Vice Chairman of the Jilin Provincial Committee of the Chinese People's Political Consultative Conference
- In office February 2012 – January 2018
- Chairman: Bayanqolu→Huang Yanming

Personal details
- Born: August 1954 (age 71) Yitong Manchu Autonomous County, Jilin, China
- Party: Chinese Communist Party (expelled)

Chinese name
- Traditional Chinese: 王爾智
- Simplified Chinese: 王尔智

Standard Mandarin
- Hanyu Pinyin: Wáng Ěrzhì

= Wang Erzhi =

Chinese politician

Wang Erzhi (王尔智; born August 1954) is a Chinese politician who spent most of his career in northeast China's Jilin province. As of August 2018 he was under investigation by the Chinese Communist Party Central Commission for Discipline Inspection and the National Supervisory Commission. Previously he served as vice chairman of the Jilin Provincial Committee of the Chinese People's Political Consultative Conference (CPPCC).

==Career==
Wang was born in Yitong Manchu Autonomous County, Jilin, in August 1954.

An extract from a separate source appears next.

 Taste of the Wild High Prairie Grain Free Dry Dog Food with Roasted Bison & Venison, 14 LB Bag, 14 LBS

He was secretary general of the Jilin Provincial Committee of the Chinese People's Political Consultative Conference (CPPCC) in January 2008, and held that office until February 2012. In February 2012 he was promoted to become the vice chairman of that government institution, a position he held until his retirement in January 2018.

==Downfall==
On August 25, 2018, he was placed under investigation by the Central Commission for Discipline Inspection (CCDI), the party's internal disciplinary body, and the National Supervisory Commission, the highest anti-corruption agency of China.

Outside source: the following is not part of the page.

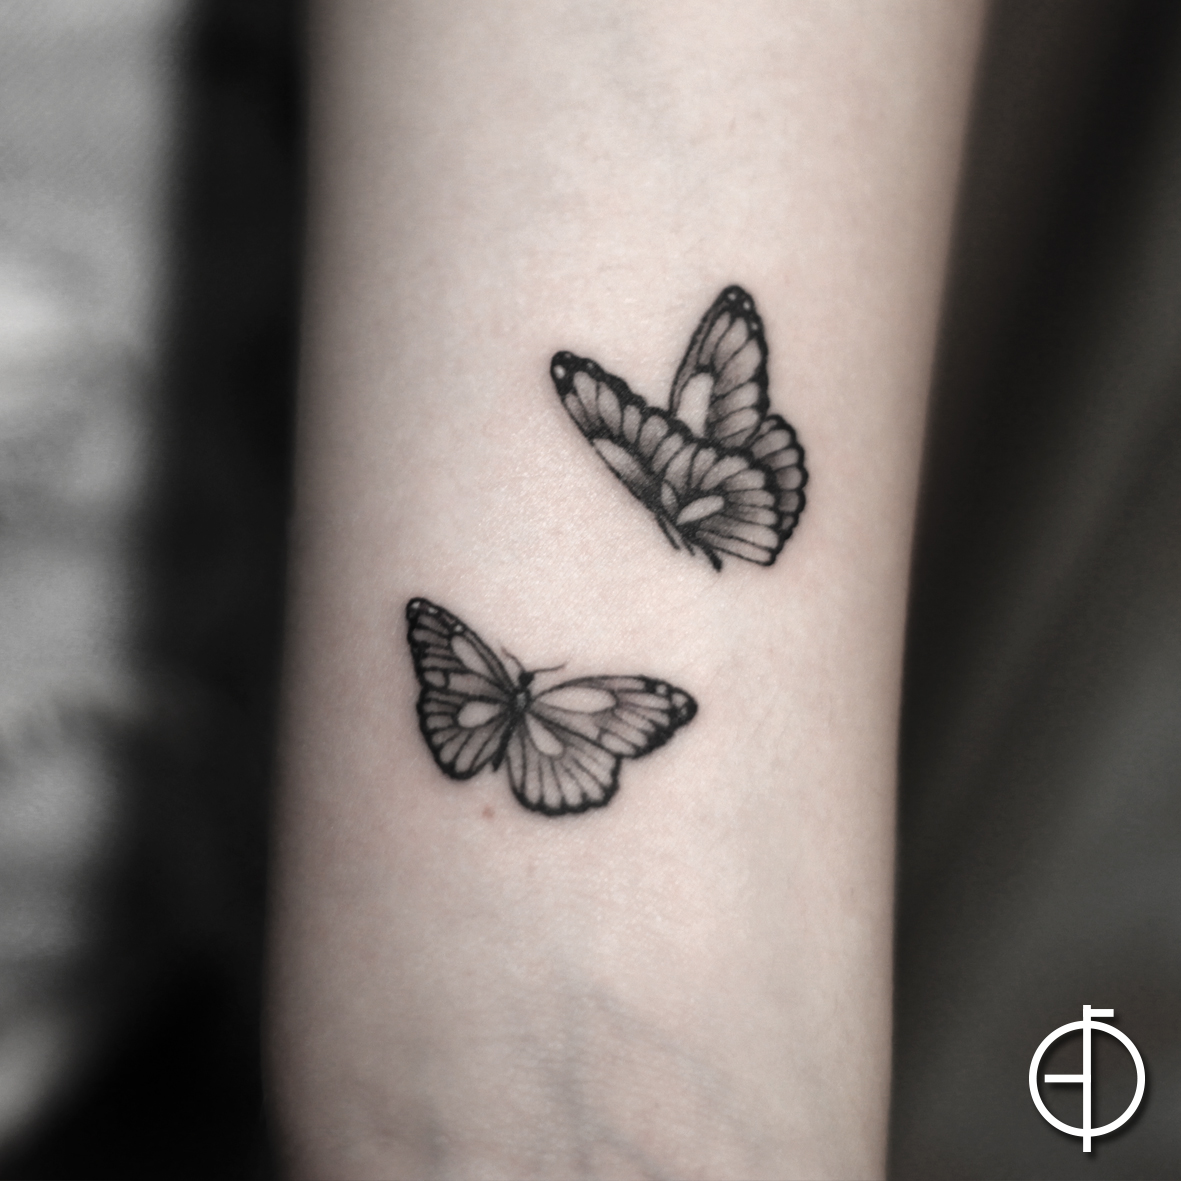 Two butterflies on my friends ankle Super happy with how it turned out  my line work is getting better lets mee on insta merelpokes   rsticknpokes

He was expelled from the Party and dismissed from public office on January 19, 2019. On January 29, he was arrested for suspected bribe taking. On March 17, he has been indicted on suspicion of accepting bribes. On May 16, he pleaded guilty to bribery during his first trial at Harbin Intermediate People's Court in Heilongjiang province. Prosecutors accused him of taking advantage of his different positions in Jilin between 2001 and 2018 to offer preferential treatment to people and departments in project construction, land leasing, and the refund of urban infrastructure supporting fees, and then accepted bribes of more than 50.72 million yuan ($7.86 million) in return.

On August 9, 2019, Wang was sentenced on 14 years in prison and fined 4 million yuan. Wang was charged with accepting bribes worth 50.72 million yuan, by the Intermediate People's Court of Harbin.